Abstract
The immortal strand hypothesis poses that stem cells could produce differentiated progeny while conserving the original template strand, thus avoiding accumulating somatic mutations. However, quantitating the extent of non-random DNA strand segregation in human stem cells remains difficult in vivo. Here we show that the change of the mean and variance of the mutational burden with age in healthy human tissues allows estimating strand segregation probabilities and somatic mutation rates. We analysed deep sequencing data from healthy human colon, small intestine, liver, skin and brain. We found highly effective non-random DNA strand segregation in all adult tissues (mean strand segregation probability: 0.98, standard error bounds (0.97,0.99)). In contrast, non-random strand segregation efficiency is reduced to 0.87 (0.78,0.88) in neural tissue during early development, suggesting stem cell pool expansions due to symmetric self-renewal. Healthy somatic mutation rates differed across tissue types, ranging from 3.5×10−9 /bp/division in small intestine to 1.6×10−7/bp/division in skin.

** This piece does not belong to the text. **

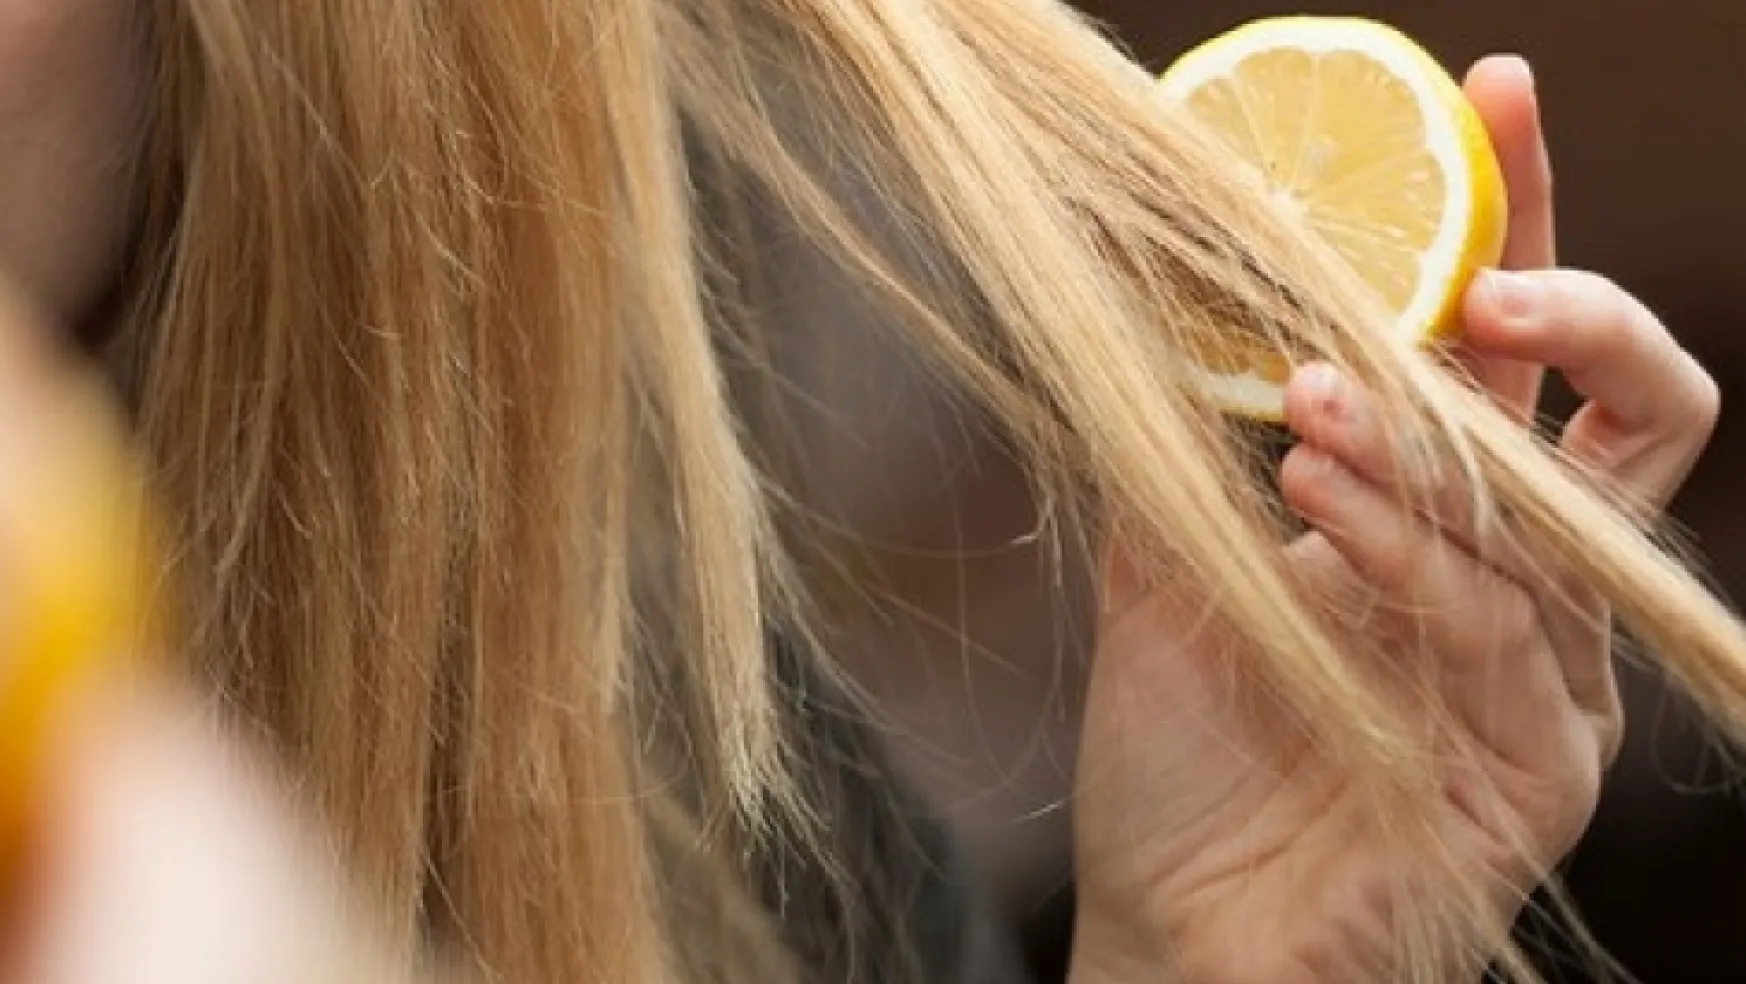 Limonu saçınıza sürünce ne mi oluyor?

Author Summary Cairn proposed in 1975 that upon proliferation, cells might not segregate DNA strands randomly into daughter cells, but preferentially keep the ancestral (blue print) template strand in stem cells. This mechanism would allow to drastically reduce the rate of mutation accumulation in human tissues. Testing the hypothesis in human stem cells within their natural tissue environment remains challenging. Here we show that the patterns of mutation accumulation in human tissues with age support highly effective non-random DNA strand segregation after adolescence. In contrast, during early development in infants, DNA strand segregation is less effective, likely because stem cell populations are continuing to grow.